Il avait pris ses amis de court en annonçant sa candidature aux législatives du 30 septembre. Une surprise d’autant plus grande qu’il a conduit au succès la liste du Rassemblement démocratique du peuple camerounais (RDPC), au pouvoir, dans le Haut-Nkam, son département d’origine. Depuis son départ, en 2008, de la Chambre de commerce, d’industrie, des mines et de l’artisanat du Cameroun, Claude Juimo Siewe Monthé, président du groupe du même nom – l’un des plus grands acteurs privés du pays -, signe ainsi son retour sous le feu des projecteurs. Fils aîné de Luc Monthé, l’ancien premier adjoint au maire de Douala, cet industriel de 52 ans a longtemps préparé son entrée en politique.

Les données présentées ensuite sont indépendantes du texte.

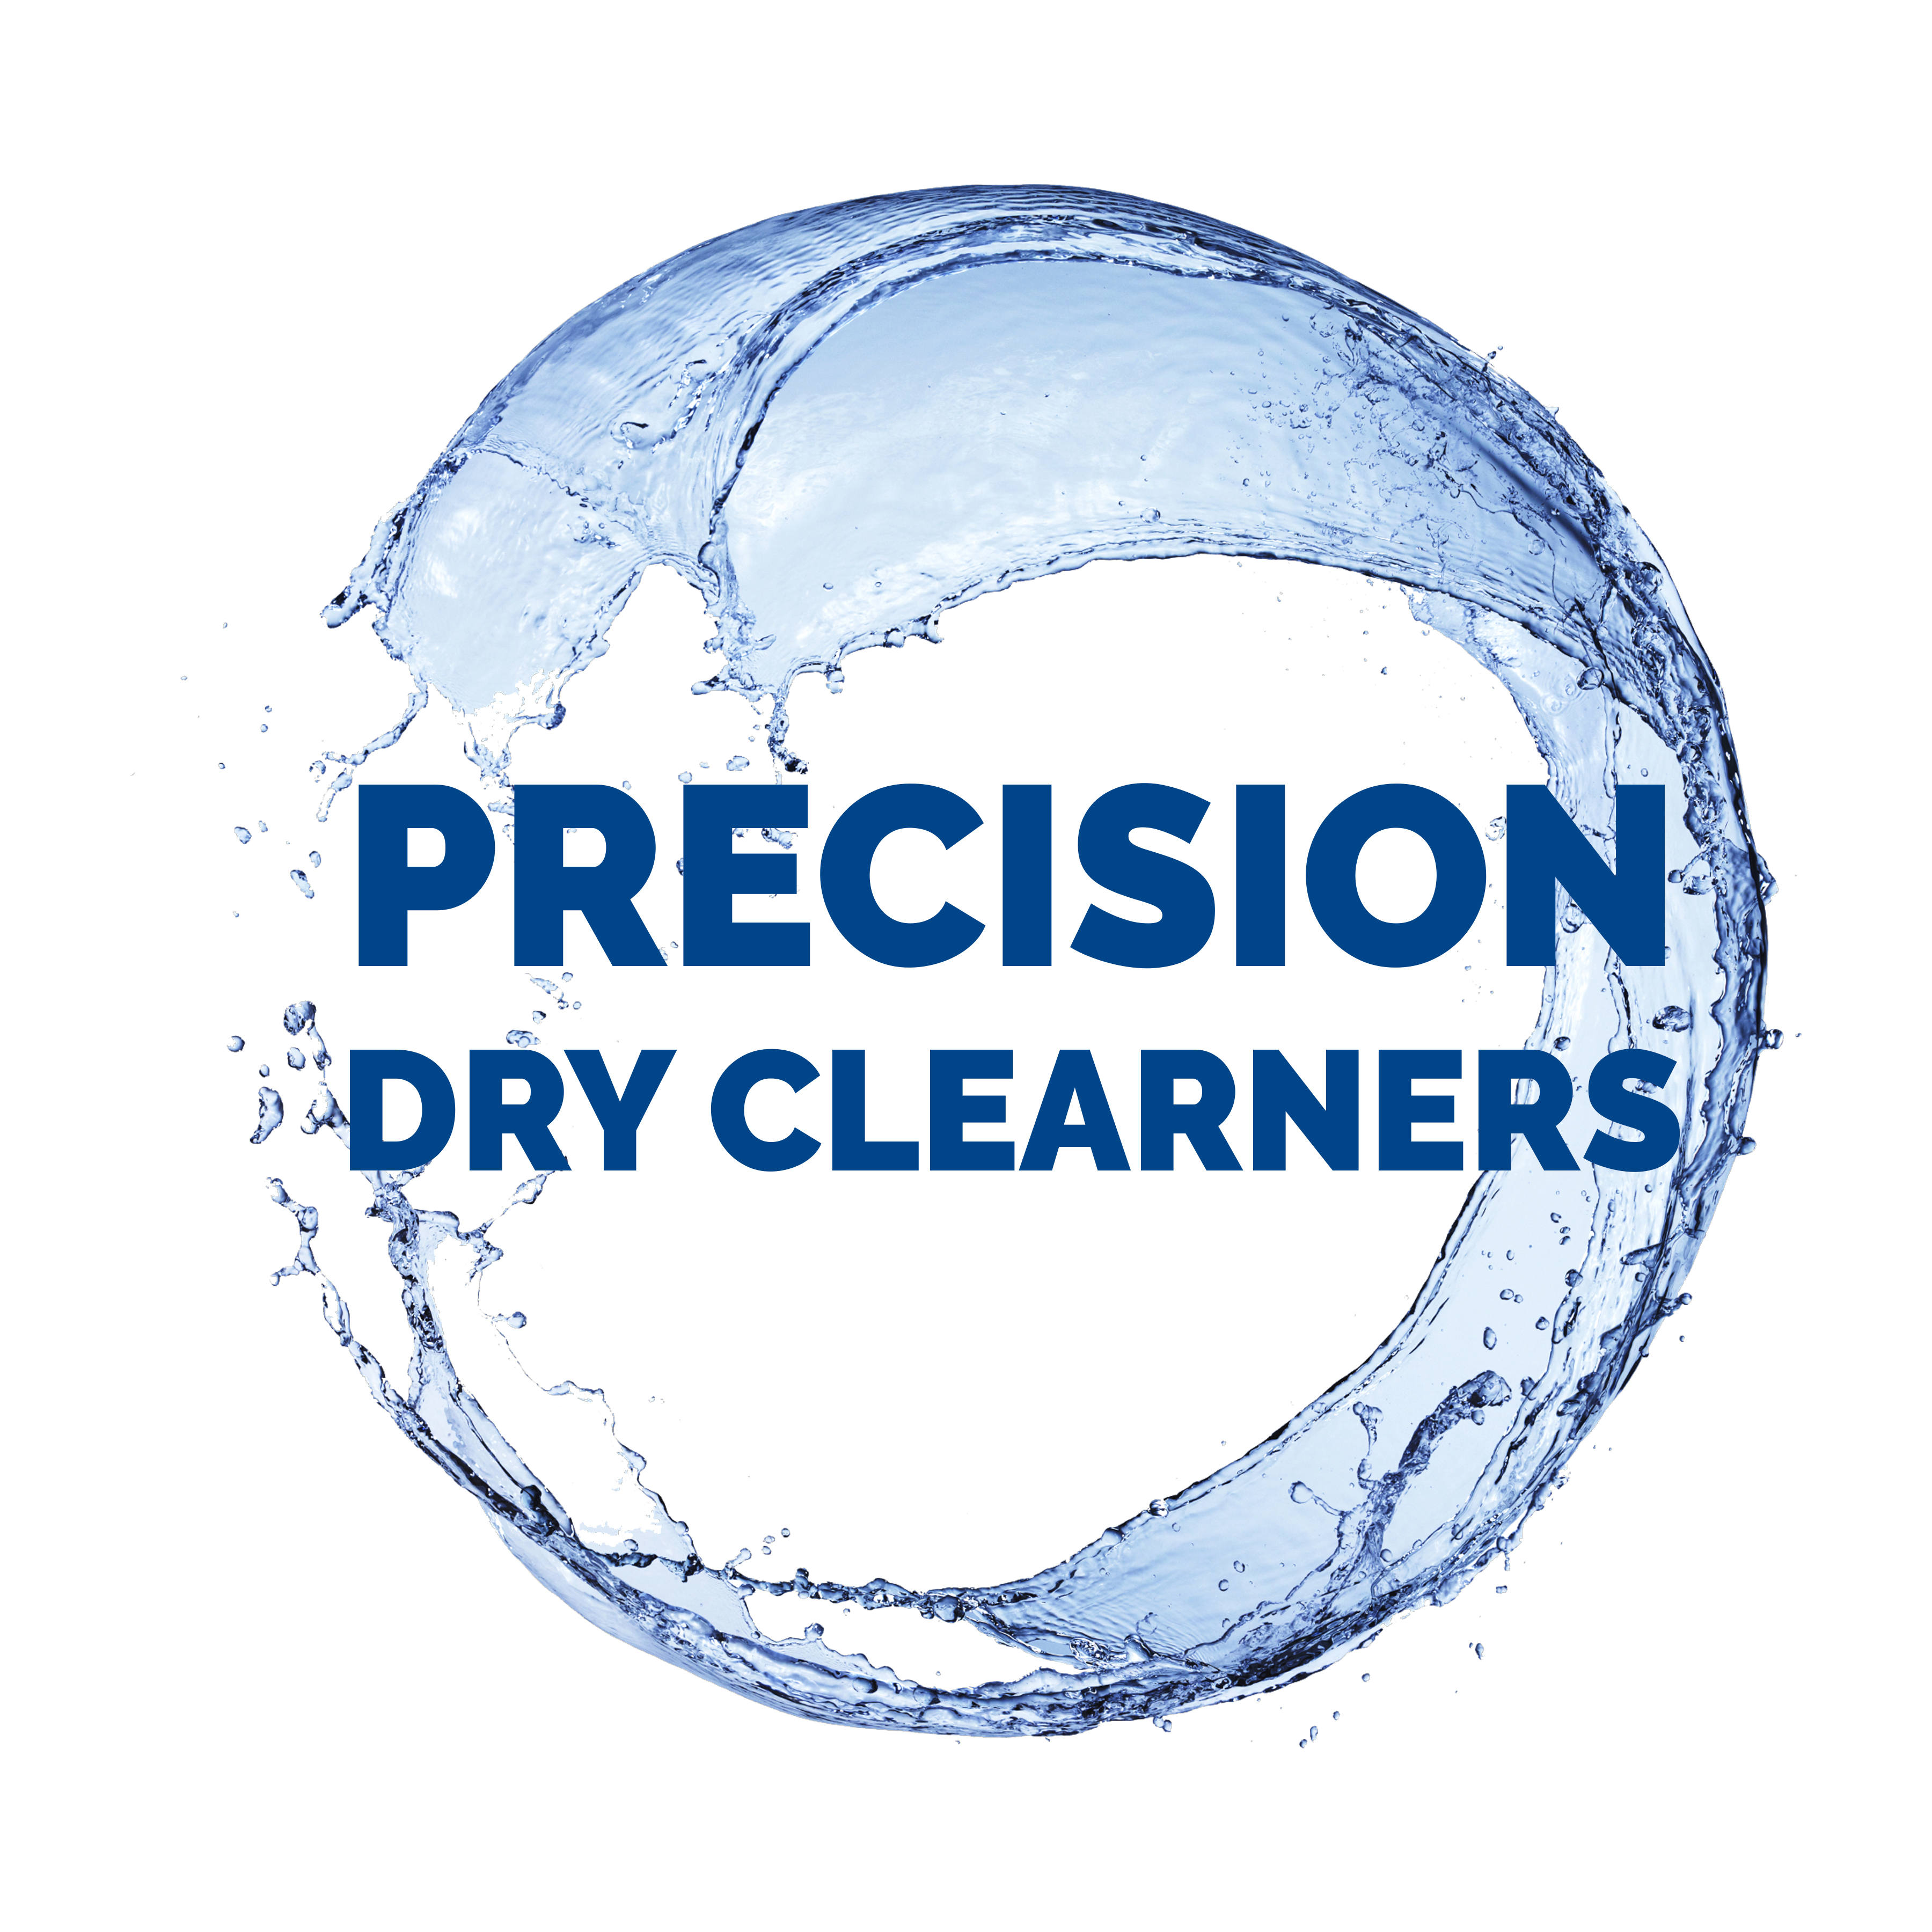 Precision Dry Cleaners Bexleyheath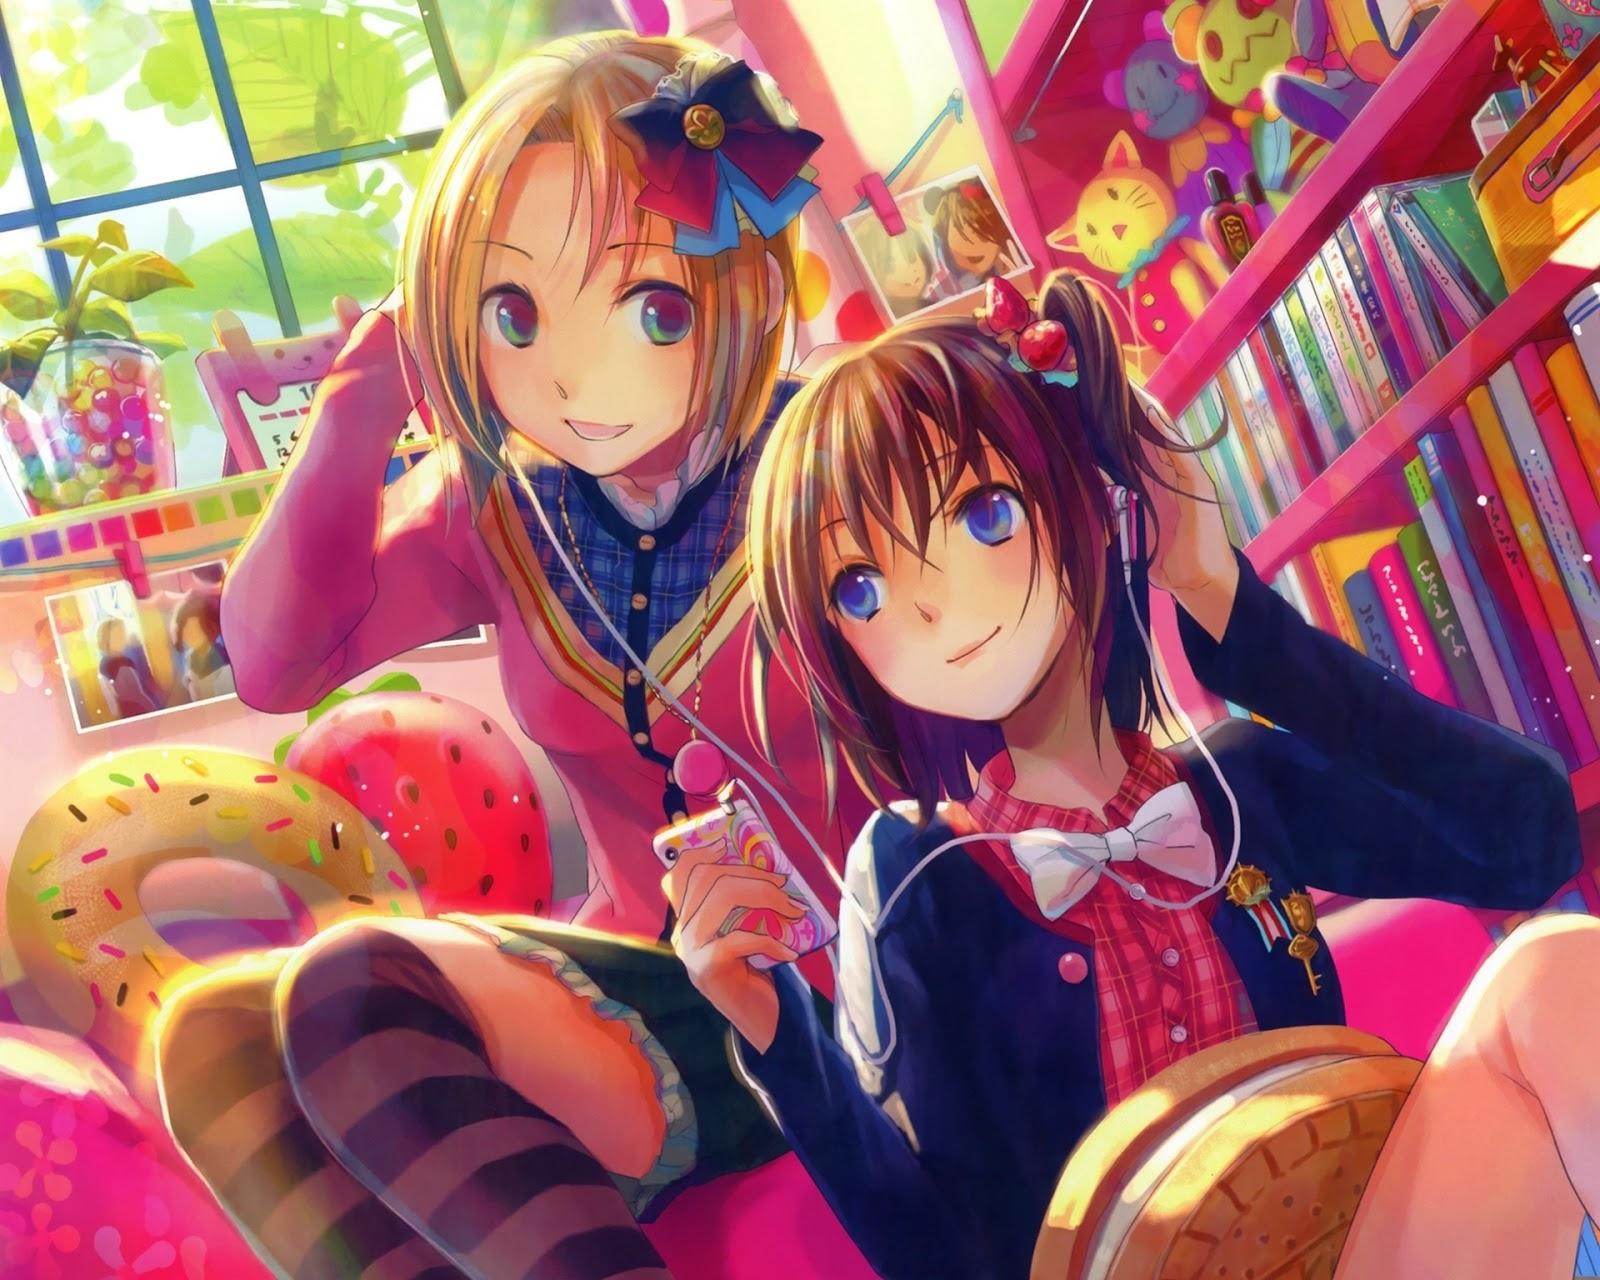 anime best friends wallpaper - photo #2

Militant actif du RDPC, il a été élu membre du comité central du parti de Paul Biya en 2011. Mais « il a toujours mené son action politique sans tintamarre à Douala et dans le Haut-Nkam », soutient l’un de ses proches. Car ce prince bana, discret, se tient à distance des médias. À leur égard, il suit la devise de Buckingham Palace : Never complain, never explain (« ne jamais se plaindre, ne jamais s’expliquer »), précise son entourage. Une attitude qu’il avait adoptée en 2006, lorsqu’une campagne médiatique avait largement fait état de sa présumée implication dans la défenestration d’un étudiant au Hilton de Yaoundé. Il s’avéra par la suite qu’il n’était nullement concerné par cette affaire.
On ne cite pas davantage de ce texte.